Monday, November 1, 2010

Of Side Curtains and Trains

The mill at Deepriver that has been inactive for many months is being put in shape for active service by Mr. Cullman, the new proprietor who last week began grinding feed.
That announcement appeared in the Hobart Gazette of November 25, 1910. I made a note of it and promptly forgot the Cullmans existed until a bad train accident brought them into the public view again in April of 1916.

In 1916 the Cullman family consisted of Tony — or T.J., as he seemed to prefer — who was then 44 years old; his wife, Elmira, 34; and their three children, Wilma (14), Walter (10) and Ruth (4). They had come to Deep River sometime after April 1910 from the village of Thornton, Illinois, where they had lived for at least ten years, and where T.J. had worked variously as a blacksmith and a coal dealer. But once they came to Deep River, they stayed for many years.

On the evening of April 10, 1916, the Cullman family was taking a car trip to Valparaiso. The whole family and two neighbors, Frank Easton and Charles Shroeder, were crowded into T.J.'s Case touring car.

1914CaseTouringCar
A 1914 Case Touring Car (restored).
Image credit: cacars.com


The car had its side curtains in place. I haven't been able to find out exactly how Case side curtains looked at the time, but in 1916 Cadillac side curtains looked like this:

1916Cadillacsidecurtains
Image credit: cadillacdatabase.org.

If Case curtains were similar, they probably restricted visibility somewhat. That evening, as T.J.'s car approached the Nickel Plate crossing on the Joliet road, he brought it to a stop, and he and his passengers looked both ways — a wise precaution, since there were no warning signals or gates — but, if the configuration of the road and tracks is the same now as it was then, the view wasn't very good, with the road and the tracks meeting at an oblique angle and the tracks curving on both sides of the crossing.

No one saw any trains coming, so T.J. started the car forward, but as it rolled onto the tracks, the headlight of a westbound passenger train suddenly loomed up from the east. They were right in its path. T.J. braked, tried to turn into the ditch; the two neighbors jumped out; Elmira threw little Walter out of the car with such force that he landed on some soft dirt, clear of the car and the tracks. But the remaining four Cullmans were still in the car when the train caught its front end, spinning it around and flipping it over.

The train screeched to a halt. Crew members and passengers spilled out to help extricate the Cullmans from their overturned car. All four of them were rushed to Christian Hospital in Valparaiso. Most of their injuries were painful but not life-threatening: Elmira had a broken ankle, T.J. a fractured rib, little Ruth a broken thigh; but Wilma was unconscious, with head injuries that included a fractured skull, and the doctors did not expect her to live through the night.

To their surprise, she did.

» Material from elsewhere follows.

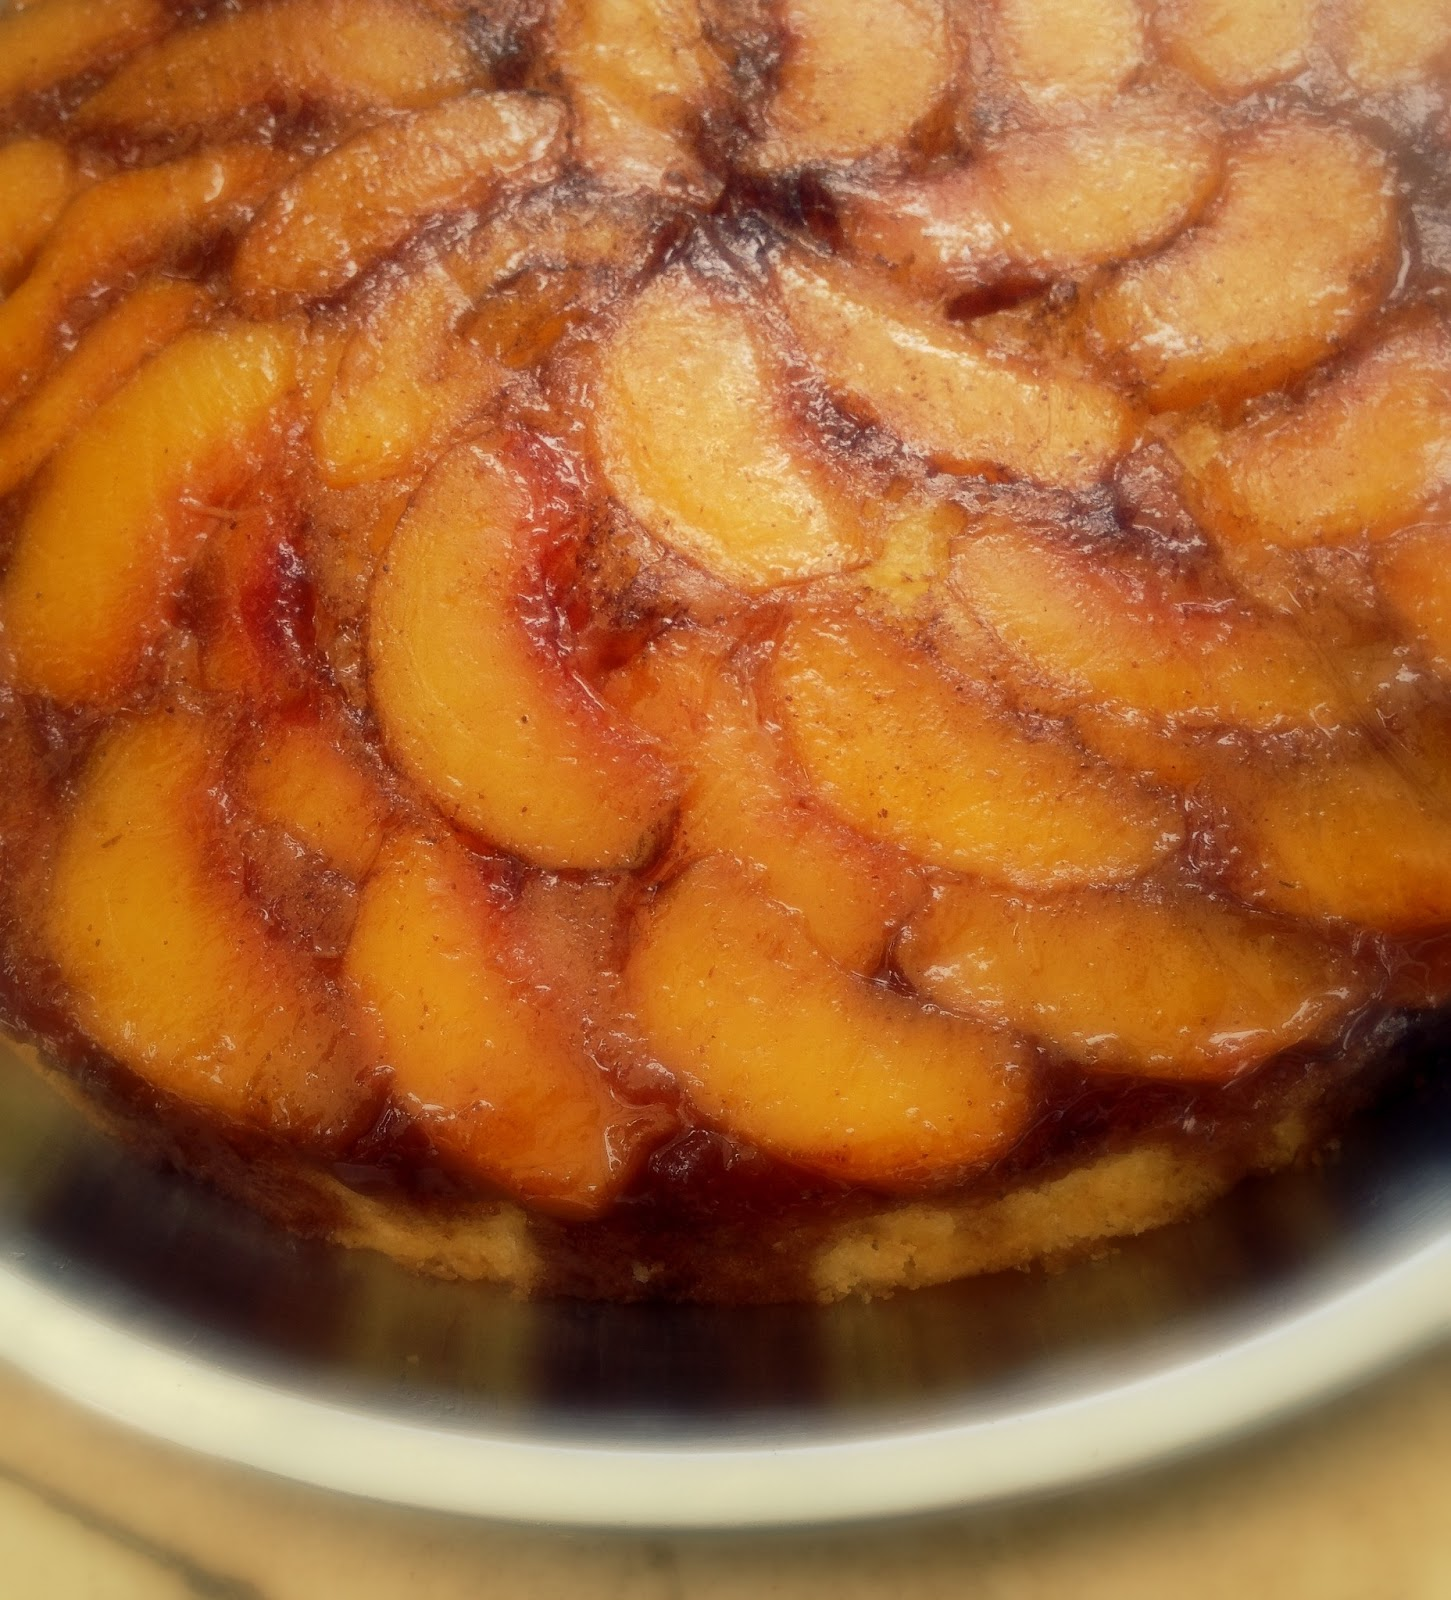 Chatkhor: Peach Upside Down Cake : My first upside down cake

A few days later the Hobart News reported her condition "slightly improved." Even more surprisingly, by April 27 Wilma had recovered enough to be able to come home, while Elmira and Ruth remained in the hospital another week. (T.J. was already back home as well, apparently.) By May 4, Wilma was back at school.

In July the Cullmans filed a lawsuit against the railroad, seeking $15,000 for Wilma's permanent injuries (the nature of which was not reported), and alleging that the train's engineer had failed to blow the whistle as the train approached the crossing.

♦    ♦    ♦


Wilma graduated from high school on schedule in 1919. From the Aurora yearbook, I get the impression that whatever her permanent injuries were, they did not affect her intelligence or good humor.

Wilma Cullman
(Click on images to enlarge)
Wilma Cullman as a high school senior in 1919. Image courtesy of the Hobart Historical Society.


Laugh is the cure
In this mock show bill from the 1919 Aurora, Hobart High students sketch each other's personalities and obsessions.
Image courtesy of the Hobart Historical Society.




Sources:
1900 Census.
1910 Census.
1920 Census.
1930 Census.
♦ "Cullman Family Narrowly Escapes Death." Hobart News 13 Apr. 1916.
♦ "Cullmans Bring Suit for $15,000." Hobart Gazette 28 July 1916.
♦ "Local Drifts." Hobart Gazette 25 Nov. 1910.
♦ "South of Deepriver." Hobart News 27 Apr. 1916; 4 May 1916.